ECOWAS Court rejects Falana’s suit, upholds reduction in its judges’ number

The Community Court of the ECOWAS has described as ‘unfounded,’ a suit filed by a former President of West African Bar Association (WABA) Femi Falana (SAN), challenging the legality of the 2017 decision by Heads of State and Government of ECOWAS to reduce the number of judges of the court from seven to five.

In a judgment on December 2019, the court declared that the Heads of State and Government of ECOWAS are ‘vested with the competence to reduce the number and that the Decision of the ECOWAS Authority of Heads of State and Government taken at the 51st Summit in June 2017 is legal and effective.’

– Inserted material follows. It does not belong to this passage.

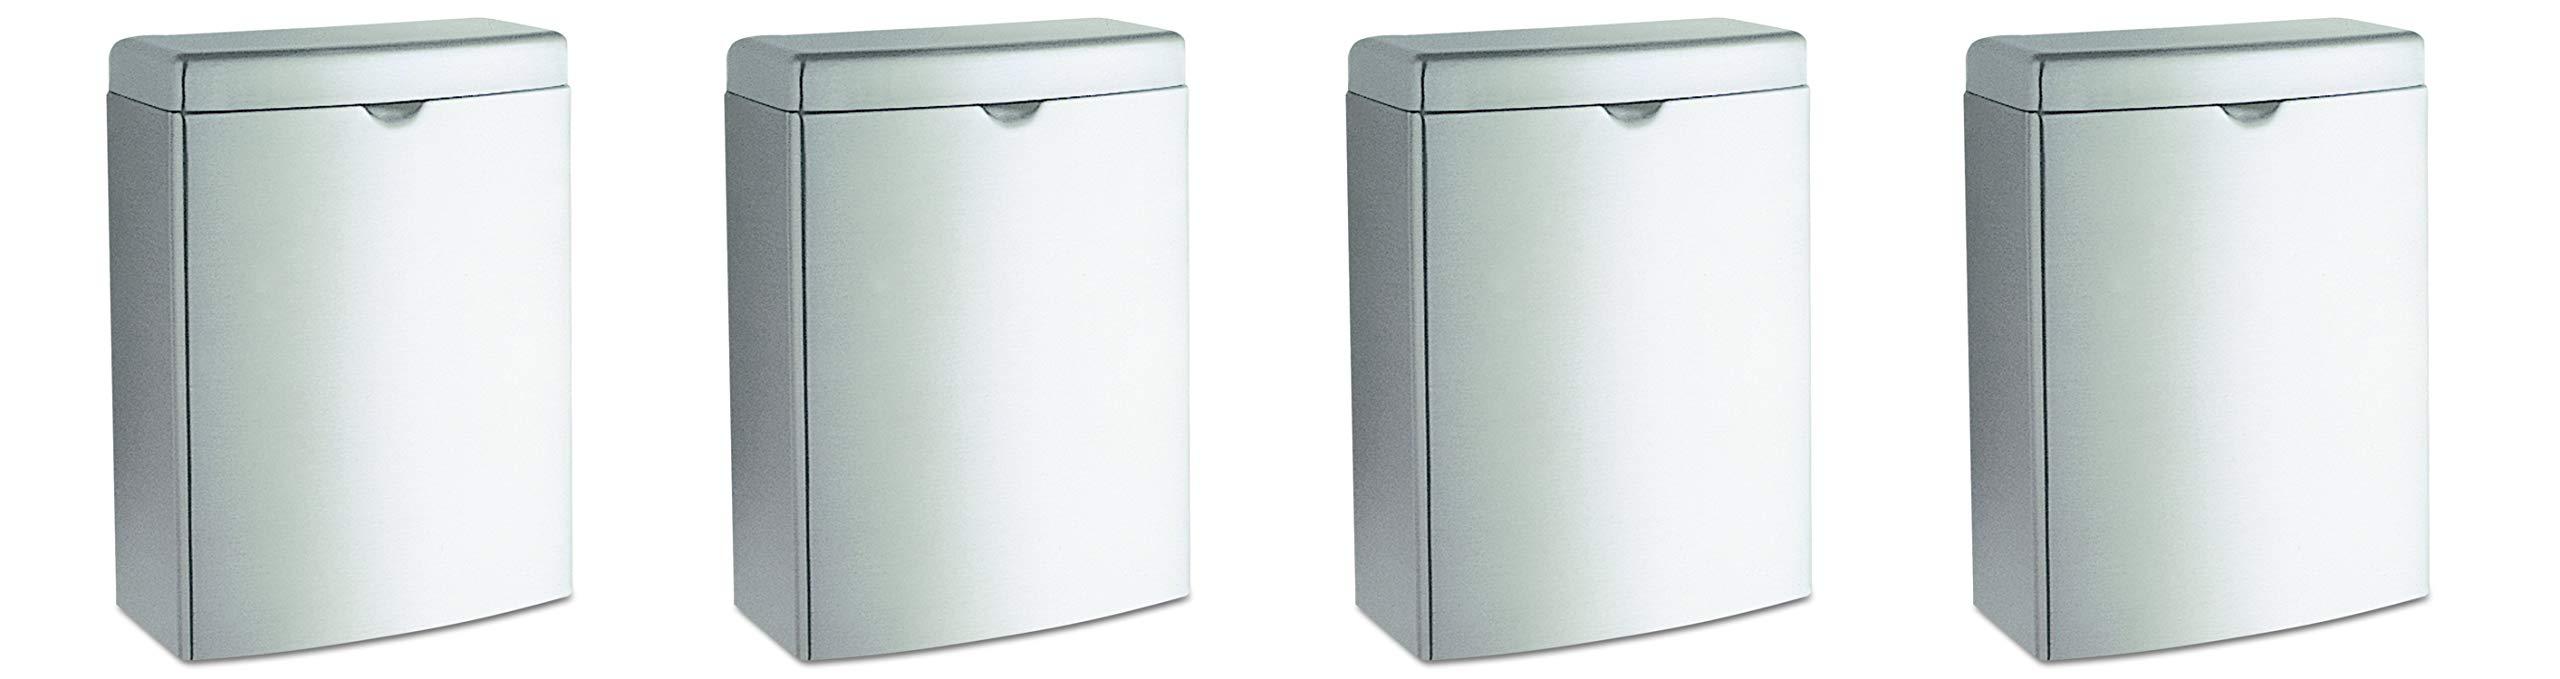 Bobrick 270 Contura Sanitary Napkin Receptacle, Rectangular, Stainless Steel, 1gal (Pack of 4) by Bobrick

A three-man panel of the court held that it ‘has not established that the contested decision infringed any of Falana’s rights.

Justice Januaria Moreira Costa, who read the lead judgment, was of the view that “the decision in question was adopted, as a transitional act, in the framework of monitoring the functioning of Community institutions and achievement of ECOWAS objectives, until the amendment of the relevant Community Texts, as can be understood from the text of the Decision having binding effects.”

She rejected the plaintiff’s argument that the decision violated Articles 3, 6 and 15 of the Revised Treaty, affirming instead, that “the contested decision did not seek to amend Article 3 of the Protocol on the court, but merely to suspend temporarily, the effects of such Article by limiting the number of judges to five until the amendment of the Protocol is implemented.”

The court further noted that the decision was implemented at the end of tenure of the seven judges of the court in 2018 leading to the inauguration of five new judges in July 2018 and that the alleged congestion and undue delay in justice delivery were predictions of the plaintiff who did not establish/ prove any violation of rights.

Falana had, in the suit marked: ECW/CCJ/APP/32/18 filed on August 7, 2018, argued among others that the decision by the defendants- the Authority of Heads of States and Government and the Council of Ministers- to reduce the number of the judges of the ECOWAS Court was illegal as it contravened the provisions of Articles 3, 6 and 15 of the ECOWAS Revised Treaty and Article 3 of the Protocol on the Court among others.

Falana argued that the decision infringed on his right to fair hearing and access to justice resulting from an increase in pending cases before the court and delays in delivery of justice.